‘'Agak canggung': Bidonomics terbukti menantang dalam promosi di tengah inflasi yang semakin parah

Iklan

Joe Biden tampak murung pada minggu penutupan pencatatan sahamnya saat ia berdiri di depan jembatan yang kini telah direkonstruksi di Pittsburgh, Pennsylvania, dan mendesak para pemilih untuk tetap melanjutkan perayaan ulang tahun mereka dalam pemilihan paruh waktu bulan berikutnya.

“Bagi banyak keluarga, situasinya masih agak rumit,” akui presiden AS. “Namun, ada beberapa hal positif di mana AS kembali menegaskan posisinya, seperti di sini.”

Berdasarkan sebagian besar indikator pasar tenaga kerja, Biden tidak akan kesulitan mempertahankan agenda ekonominya, yang mencakup peningkatan besar dalam pengeluaran publik bersamaan dengan beban pajak yang lebih tinggi dan pengawasan yang lebih ketat terhadap perusahaan-perusahaan besar dan makmur.

Di bawah pengawasan ketat Partai Demokrat, berdasarkan data Januari 2021, solusi tersebut menciptakan 10 juta lapangan kerja dan biaya pengangguran turun menjadi 3,51 TP3T.

Namun, inflasi yang terus-menerus berlebihan selama berbulan-bulan – dengan harga bagi konsumen yang masih terus naik dengan biaya tahunan sebesar 8,21 TP3T pada bulan September – membuat "Bidenomics" hampir tidak mungkin tercapai dalam kampanye penjualan.

Menurut survei yang dilakukan oleh RealClearPolitics, 57,9 persen warga Amerika tidak setuju dengan penanganan sistem keuangan oleh Biden, sementara hanya 38,9 persen yang setuju, sebuah kelemahan utama yang membuat Partai Demokrat memiliki kemungkinan besar untuk kehilangan kendali atas Dewan Perwakilan Rakyat dan mungkin juga Senat.

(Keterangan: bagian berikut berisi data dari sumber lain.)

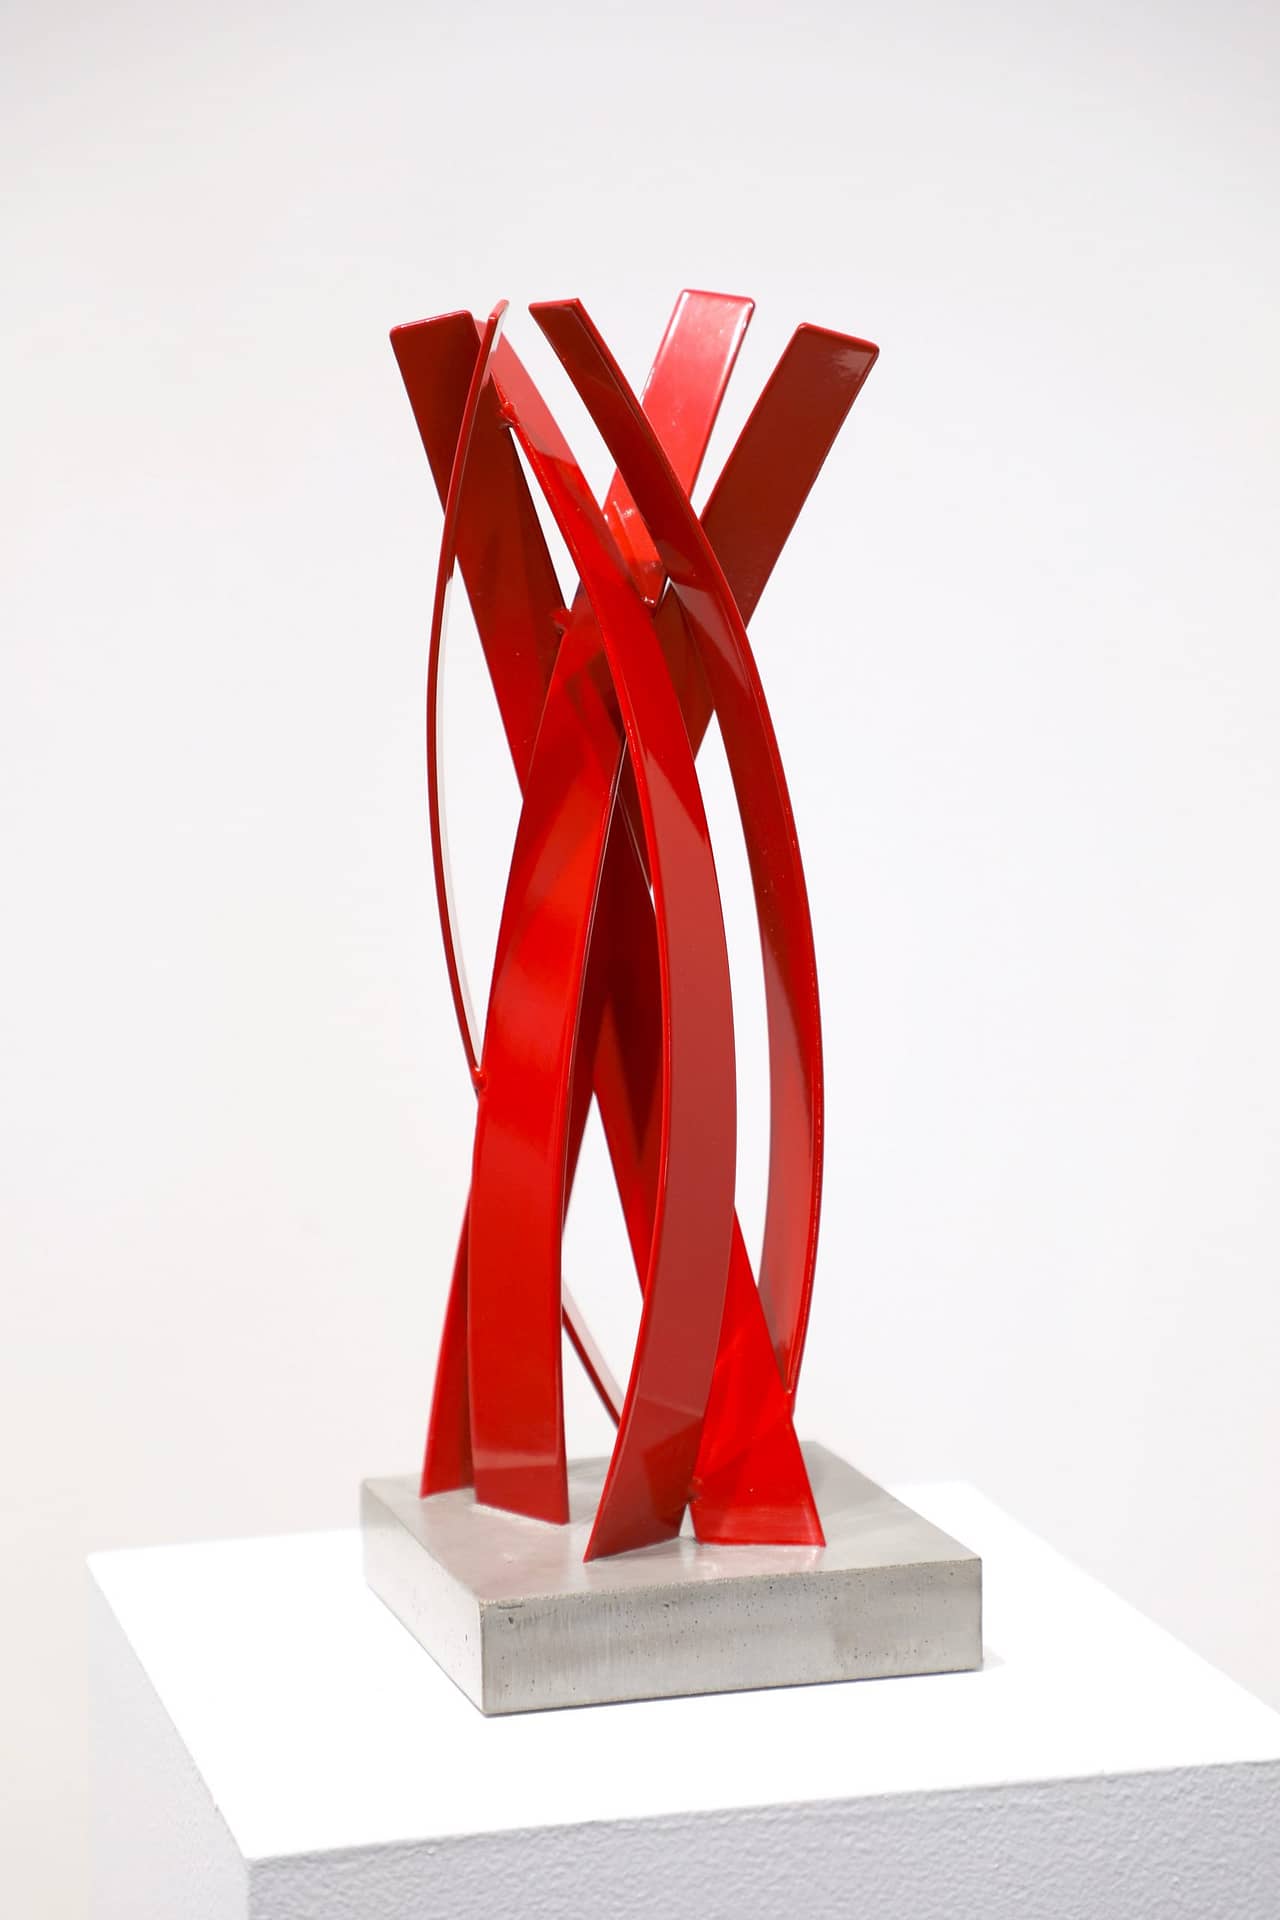 matt devine, sculpture, study, steel with powdercoat, red sculpture, abstract sculpture

Ringkasan Undang-Undang Diskon Inflasi Ukuran Matematis Keuntungan yang Dikumpulkan $ miliar Pengeluaran Pajak Korporasi Minimum 15% 313* Reformasi Pajak Obat Resep 288** Penegakan Pajak IRS 124** Total 725 Pengeluaran US$$ miliar untuk Keamanan Energi dan Iklim Lokal Alternatif 369 Subsidi Lebih Murah dari Perpanjangan Undang-Undang Perawatan 64** Medicare, Subsidi Obat Resep Rendah, Vaksin 34 Total 467

“Saya kira kebijakan-kebijakan besar itu berkualitas tinggi untuk sistem ekonomi, baik jangka pendek maupun jangka panjang. Jadi saya pikir dia pantas mendapat pujian. Dia tidak mendapatkannya saat ini,” kata Mark Zandi, seorang ekonom di Moody’s Analytics yang telah merekomendasikan politisi dari Partai Republik dan Demokrat.

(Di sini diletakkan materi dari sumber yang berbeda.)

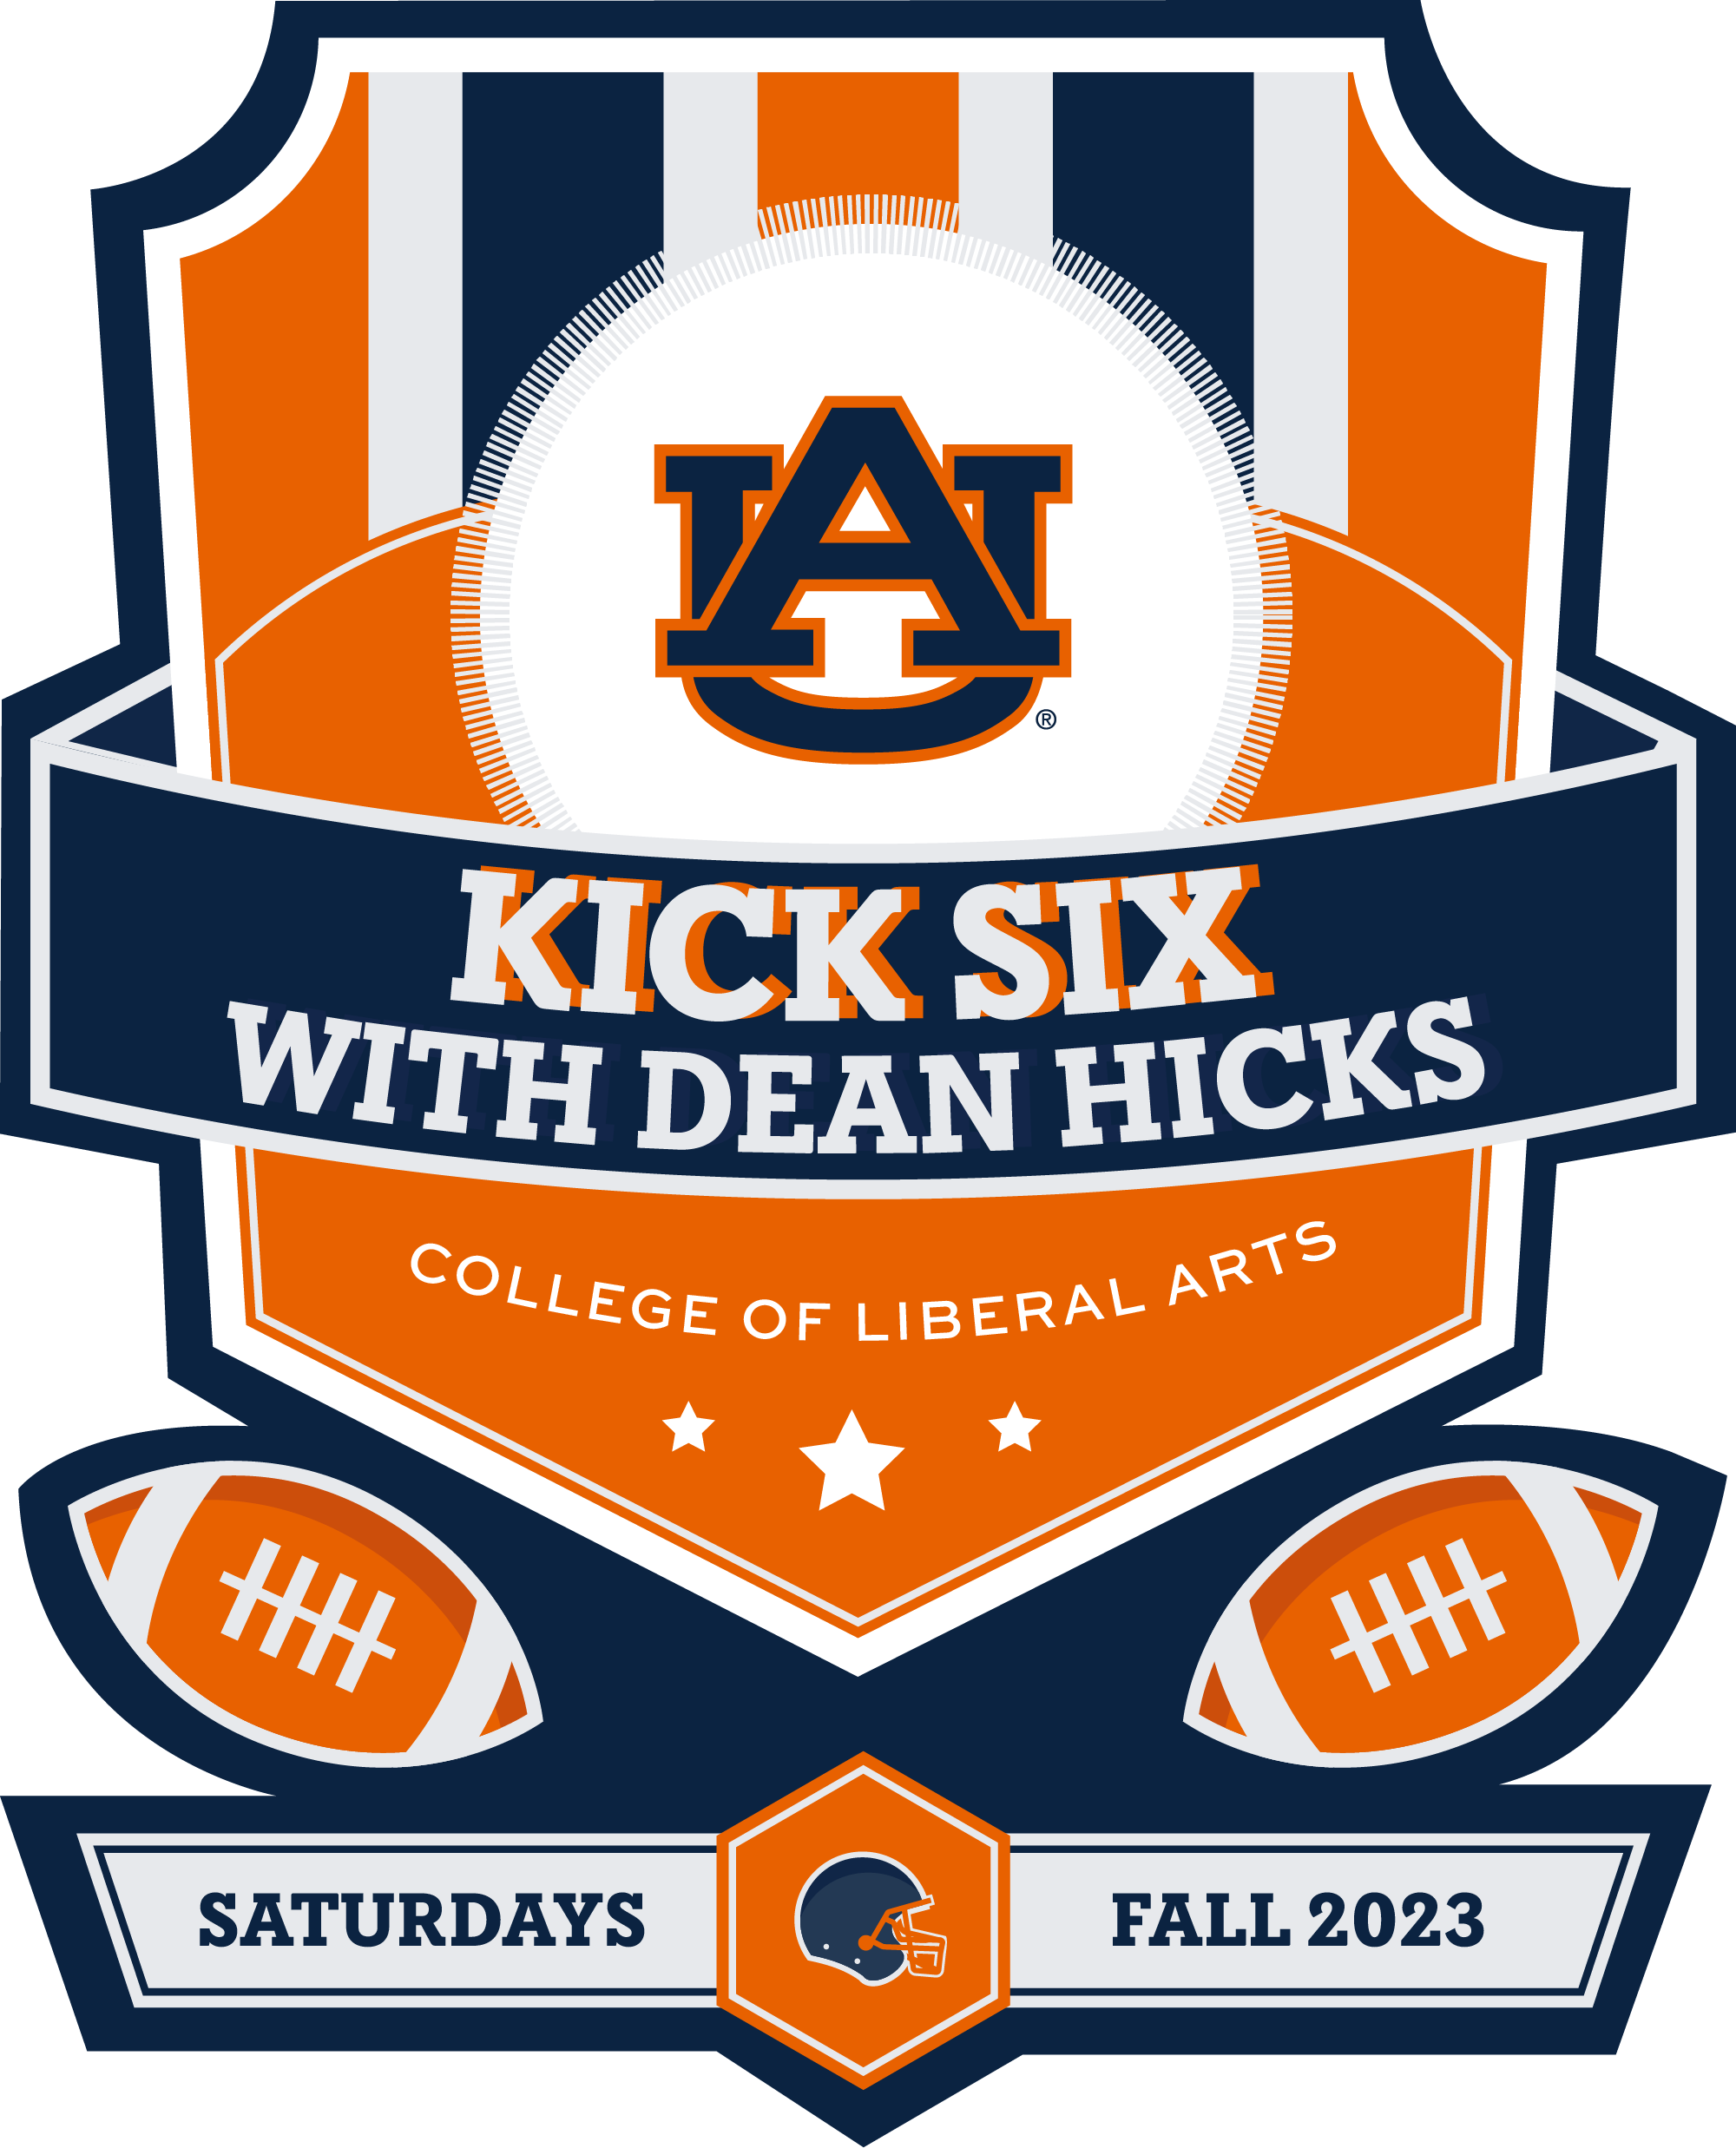 Kick six with Dean Hicks

“Masyarakat harus membayar jauh lebih mahal di SPBU, di pasar swalayan, dan lain sebagainya, dan inflasi yang berlebihan merupakan hal yang merusak persepsi masyarakat Amerika tentang seberapa baik kondisi ekonomi mereka dan seberapa baik kinerja presiden dalam sistem ekonomi. Saya berpendapat bahwa hal itu mewarnai segala hal.”

Pedoman keuangan Biden diterapkan sebagai perpaduan abad ke-21 antara New Deal Franklin Delano Roosevelt dan pertumbuhan jaring pengaman sosial Lyndon Johnson, dengan keyakinan bahwa rakyat Amerika mampu menerima campur tangan pemerintah yang jauh lebih baik dalam sistem keuangan setelah pandemi virus corona.

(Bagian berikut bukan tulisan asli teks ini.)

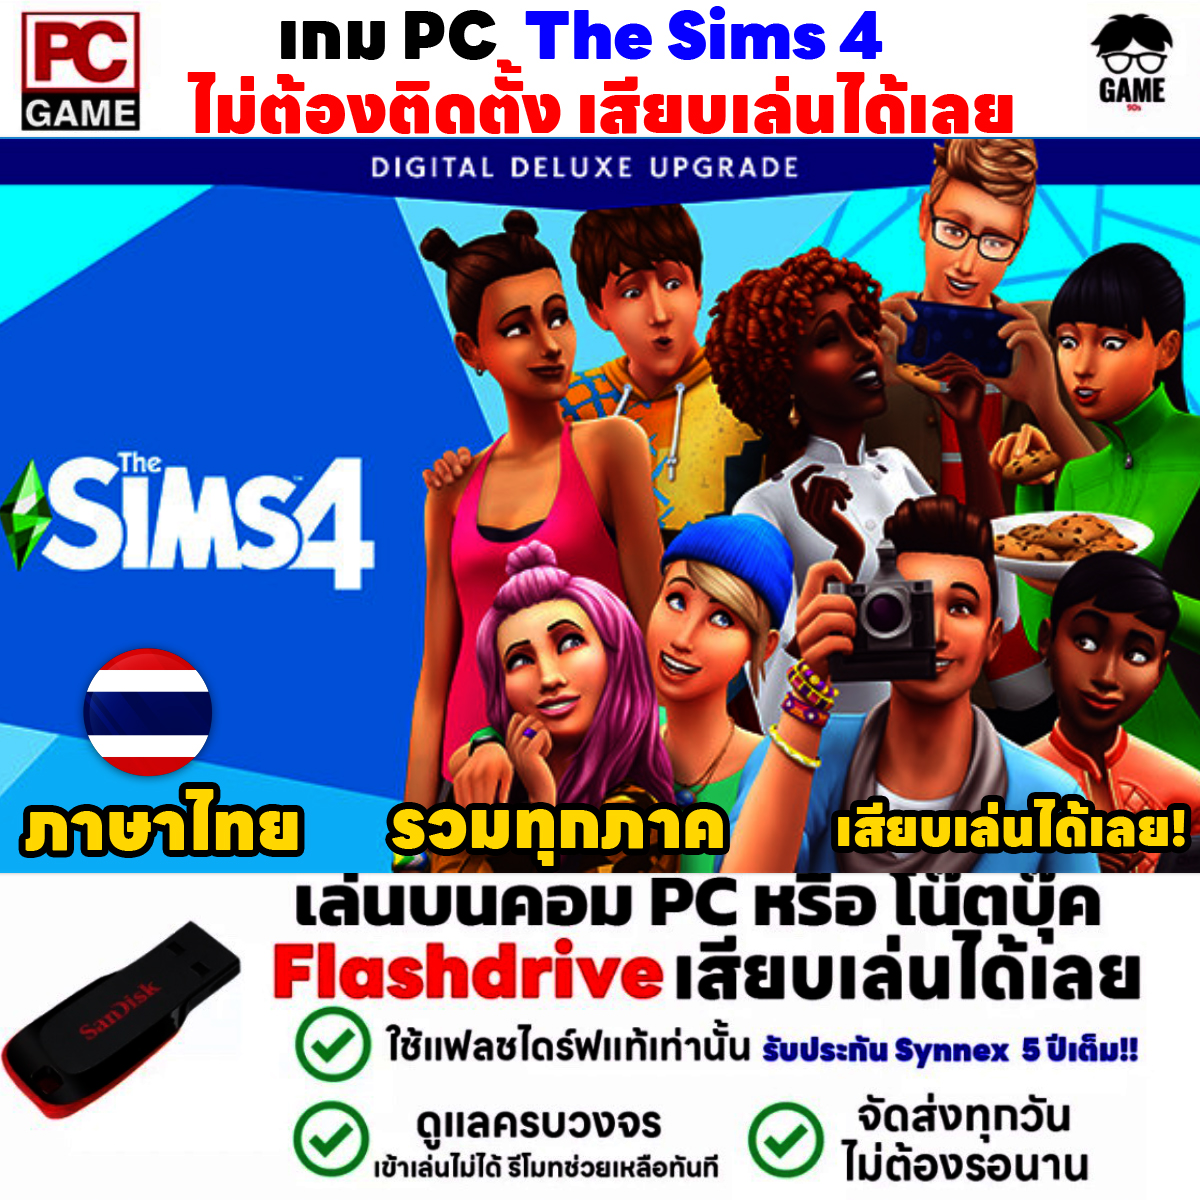 The Sims Thailand - เว็บ cdkeys.com ตอนนี้มีโปรสำหรับ The Sims 4

Selama berbulan-bulan negosiasi dengan Kongres, rencana Biden agak terkikis dan terbagi di antara setidaknya empat rancangan undang-undang utama. Namun, apa yang ia tandatangani menjadi undang-undang melindungi triliunan dolar uang federal untuk dana stimulus langsung kepada keluarga; pendanaan untuk proyek infrastruktur; subsidi dan insentif untuk investasi dalam energi bersih dan manufaktur chip; dan langkah-langkah untuk mengurangi pajak atas obat resep.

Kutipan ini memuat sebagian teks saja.